[Record excerpts Boundary: Start]
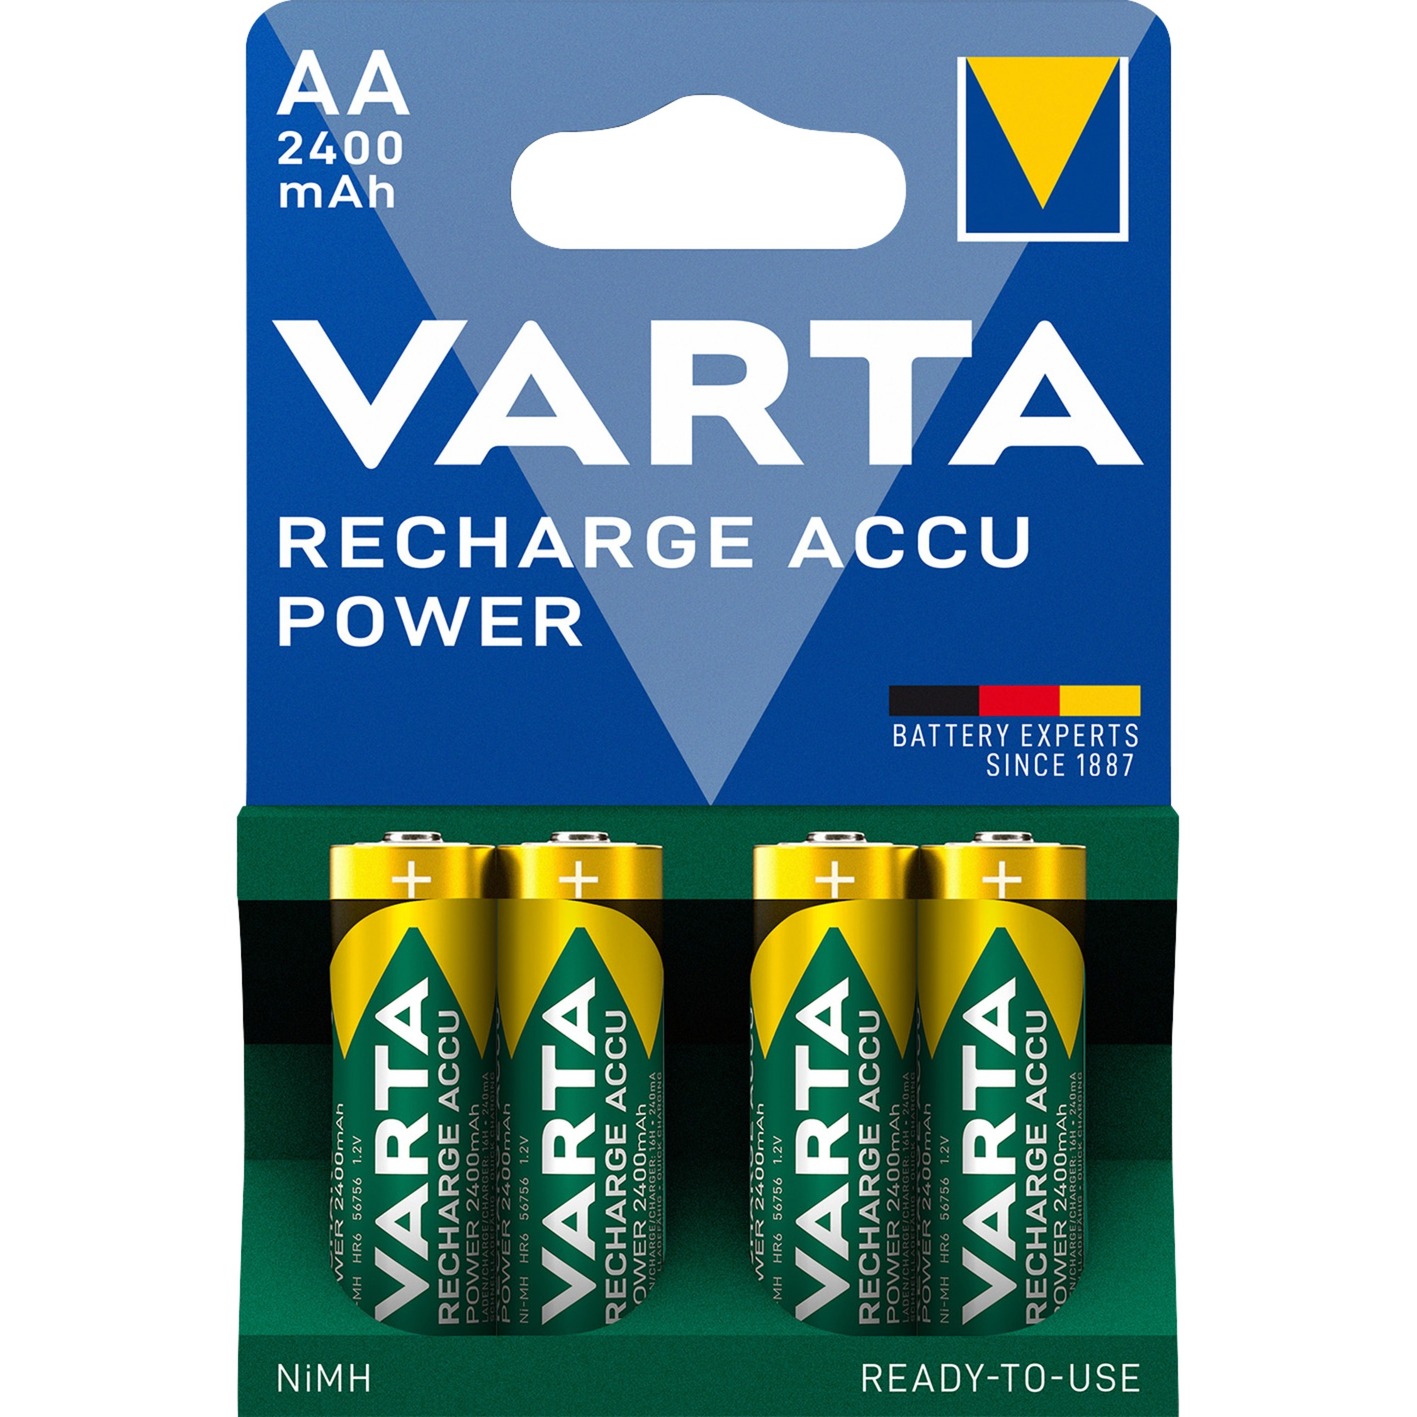 Recharge Accu Power AA, Akku von Varta
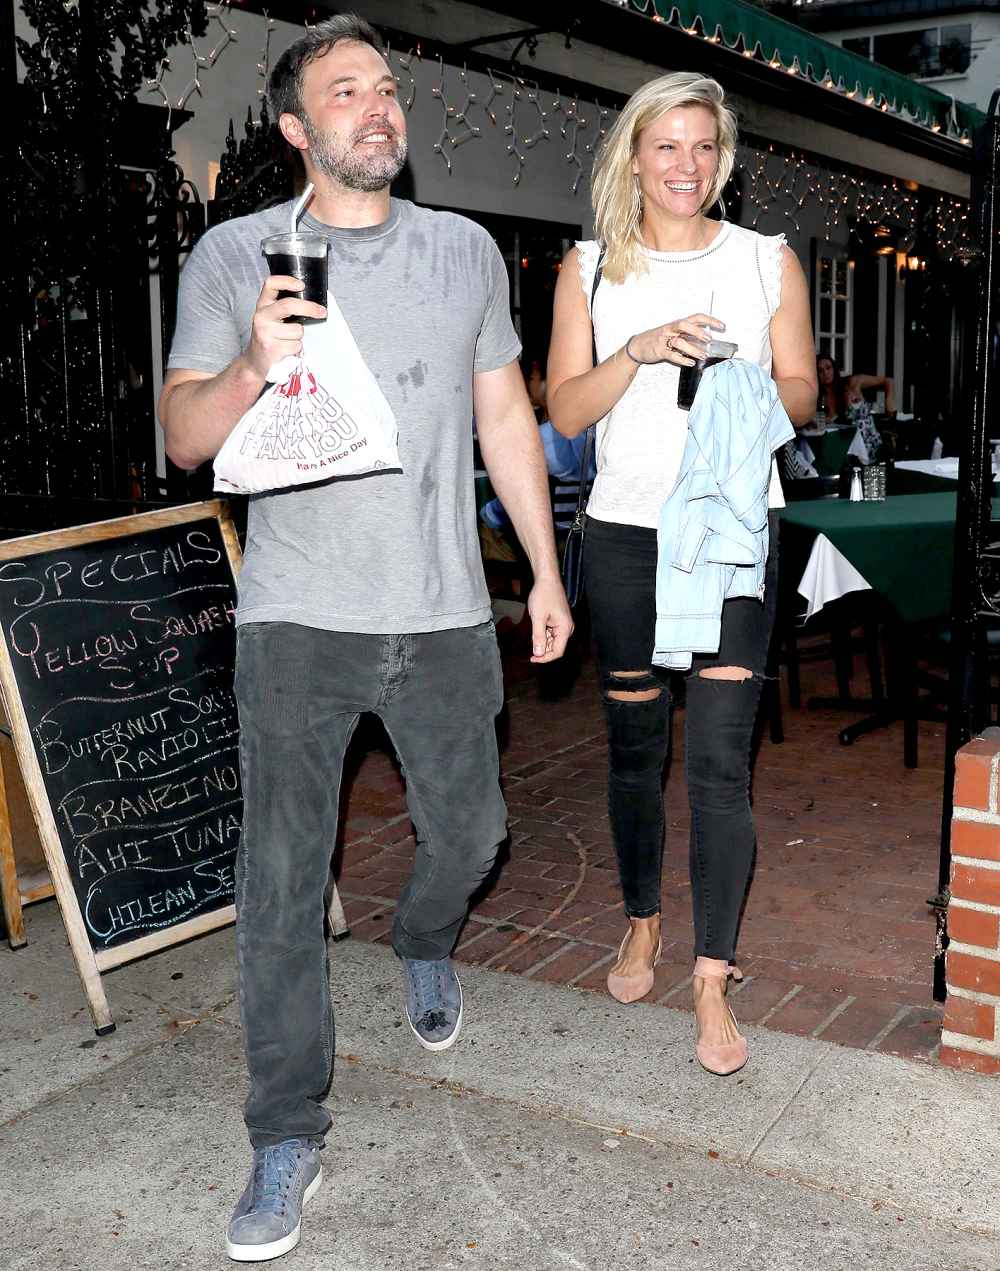 Ben Affleck exits the Beech Street Cafe restaurant after having some pizza with Lindsay Shookus on July 10, 2017.
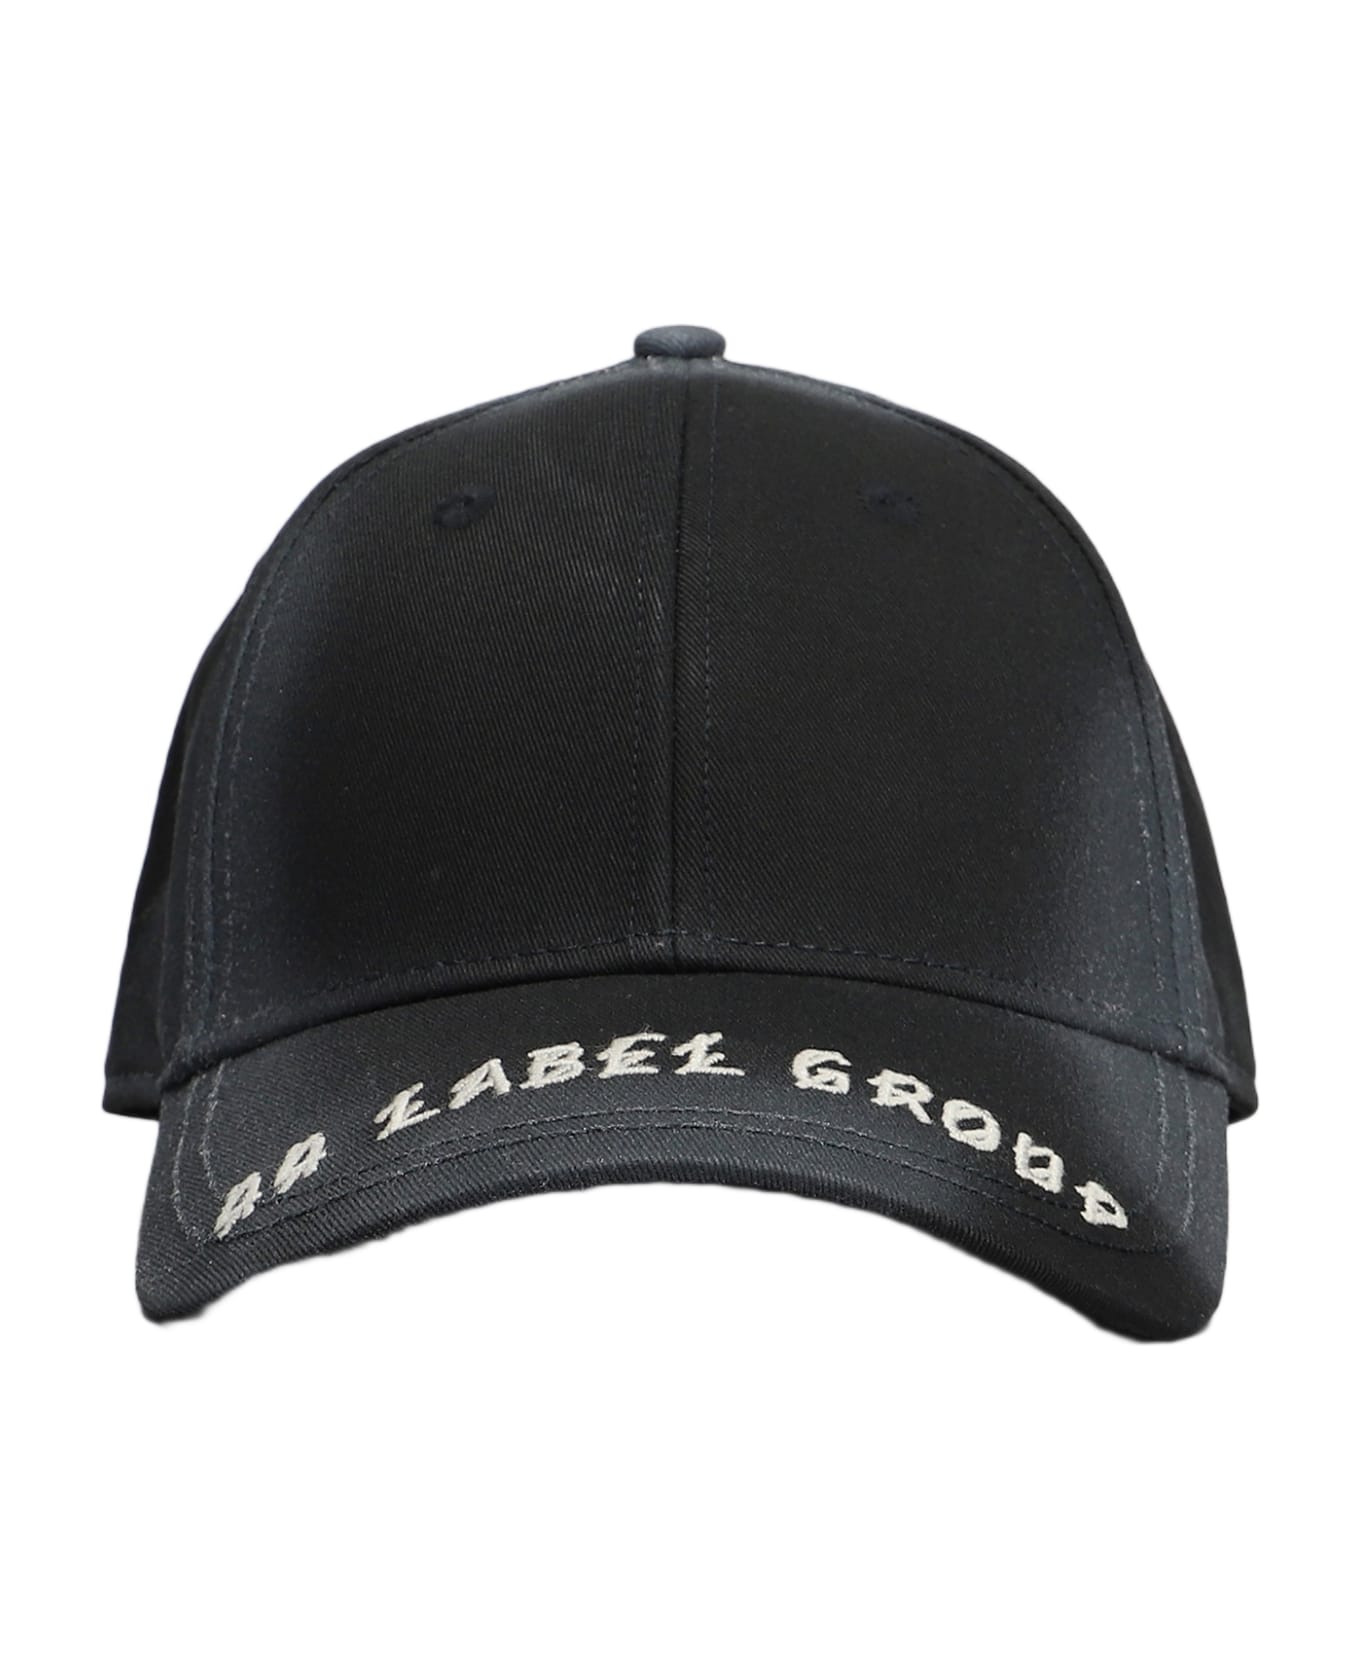 44 Label Group Hats In Black Cotton - black
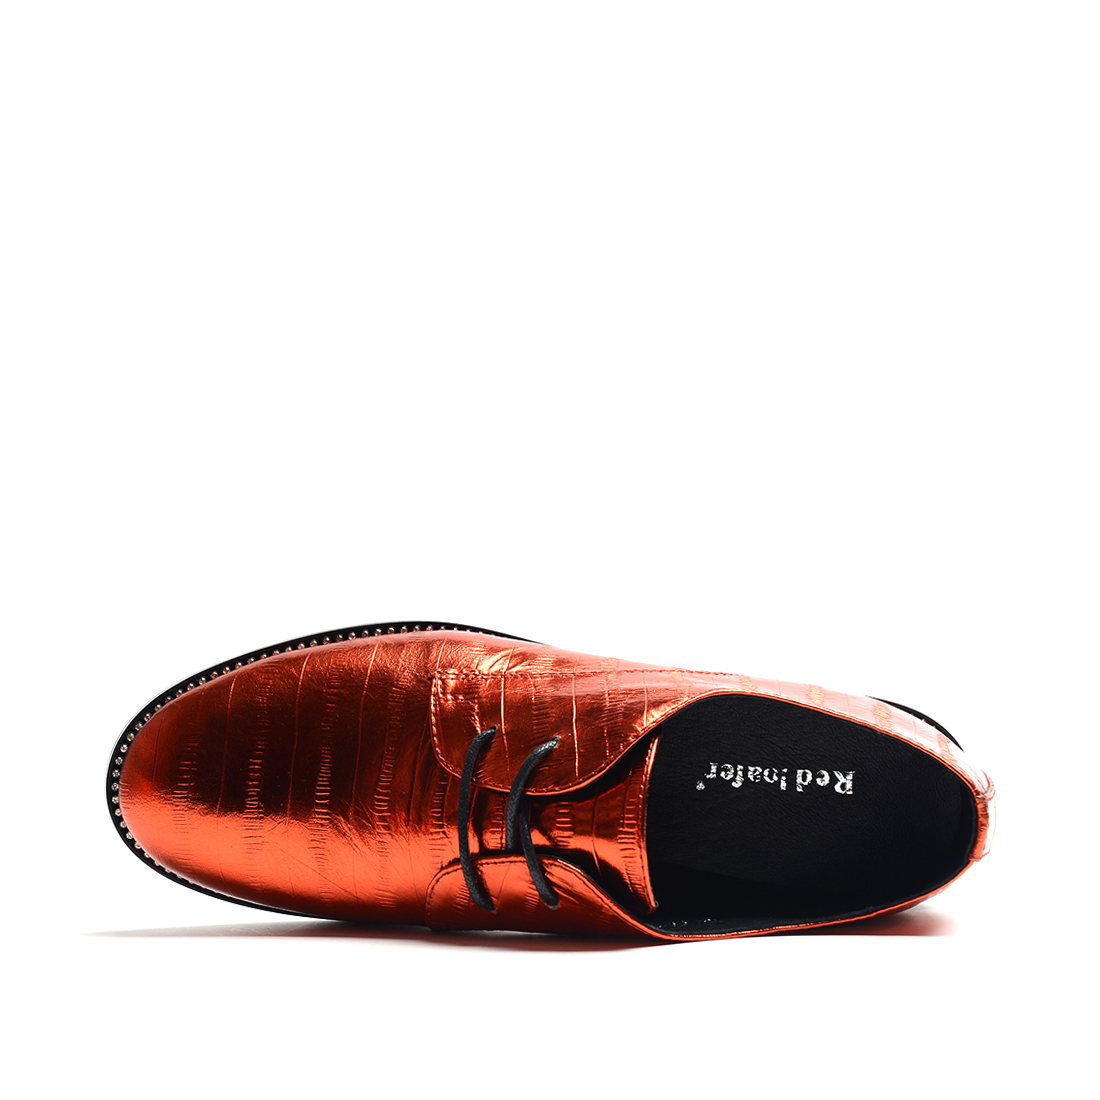 [RedLoafer]欧美风水钻羊皮革单鞋(尺码标准)
编号：A3856D1A76
[Record excerpts Boundary: End]
**Task objective**. Drop every picture and repeat the rest of the entries exactly.

**Answer space**.
 Recharge Accu Power AA, Akku von Varta
 Ben Affleck exits the Beech Street Cafe restaurant after having some pizza with Lindsay Shookus on July 10, 2017.
 44 Label Group Hats In Black Cotton - black
 [RedLoafer]欧美风水钻羊皮革单鞋(尺码标准)
编号：A3856D1A76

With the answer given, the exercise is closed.